Monday
May 19
2014

Lila Cruikshank / Andrea Taylor

Anti-Counterfeit Technologies Can Save Your Supply Chain: New products help overcome delivery challenges in emerging market health systems

Counterfeit drugs are a growing public health crisis: In 2010, the Center for Medicine in the Public Interest reported that worldwide sales of counterfeit medicines could top U.S. $75 billion, a 90 percent rise in five years. The WHO International Medical Products Anti-Counterfeiting Taskforce (IMPACT) estimates that in many developing countries more than 30 percent of medicines may be counterfeit.

The impact of fake and falsely labeled medicines is significant. In developing countries, where problems with medicines’ safety are particularly acute due to limited resources for surveillance and enforcement, the medicines most often targeted are life-saving drugs such as anti-malarials and antibiotics. While deaths from counterfeit drugs are difficult to measure, one study by the International Policy Network estimates that fake tuberculosis and malaria drugs alone cause 700,000 deaths annually.

Rapid development of new technologies to prevent counterfeit medicines from entering the supply chain and from reaching the end user hold great promise to reduce counterfeit medicines. But these new technologies don’t stop there – the infrastructure and capabilities created by anti-counterfeit technology can also be applied to other supply chain and medicine delivery challenges.

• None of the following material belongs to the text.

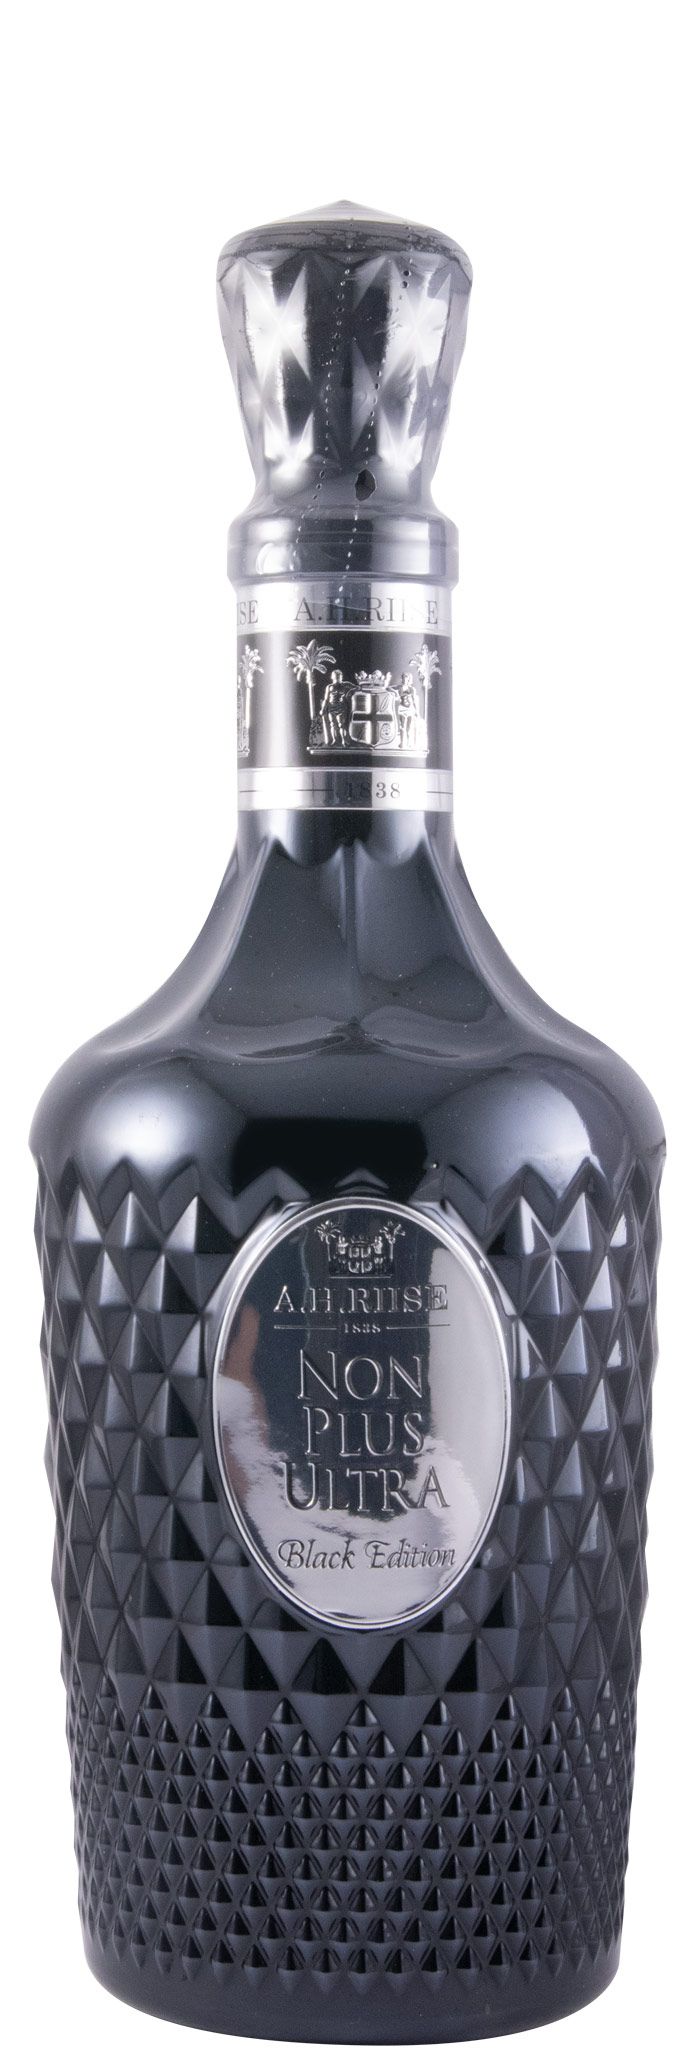 Rum AH Riise Non Plus Ultra Black Edition

Around the world, inadequate health care supply chains result in stock-outs that prevent millions of people from accessing life-saving medicines. Like counterfeit drugs, chronic medicine shortages disproportionately affect developing countries, where infrastructure is limited and supply chain management severely under-resourced. A study conducted by the International Partnership for Innovative Healthcare Delivery (IPIHD) (which the authors represent) concludes that recent innovation in anti-counterfeiting technology presents a new set of solutions to address key challenges in medical supply chains.

Anti-counterfeiting technologies are designed to enable authentication of a product (whether by regulators or by end users) and to deter counterfeiting by increasing the likelihood of detection and, eventually, prosecution. Anti-counterfeiting is a broad category that includes two types of technologies: one technology enables product authentication and another enables product tracking and tracing (TnT) through the supply chain. Authentication technologies include methods such as watermarks or serial product identification that can be user verified. TnT systems use machine-readable technology such as radio frequency identification (RFID), electronic product codes (EPCs) and barcodes, combined with a system that enables verification of the product provenance and current location.

For example, Sproxil, an anti-counterfeiting technology company in IPIHD’s Innovator Network, originally developed Mobile Product Authentication (MPA) in response to the single biggest problem with fake and falsely labeled medicines: consumers often cannot identify them. MPA addresses this problem by enabling end users to verify product authenticity using a security label. At the point of purchase, customers scratch the label to reveal a unique code on the product which they can validate via SMS, voice call or website. The system immediately provides information about whether the purchased product is authentic or suspicious and can provide instructions in the case of a suspicious product. Originally focused on authentication, Sproxil’s MPA now includes an optional TnT feature that enables tracing via confirmation of product delivery at each point in the supply chain.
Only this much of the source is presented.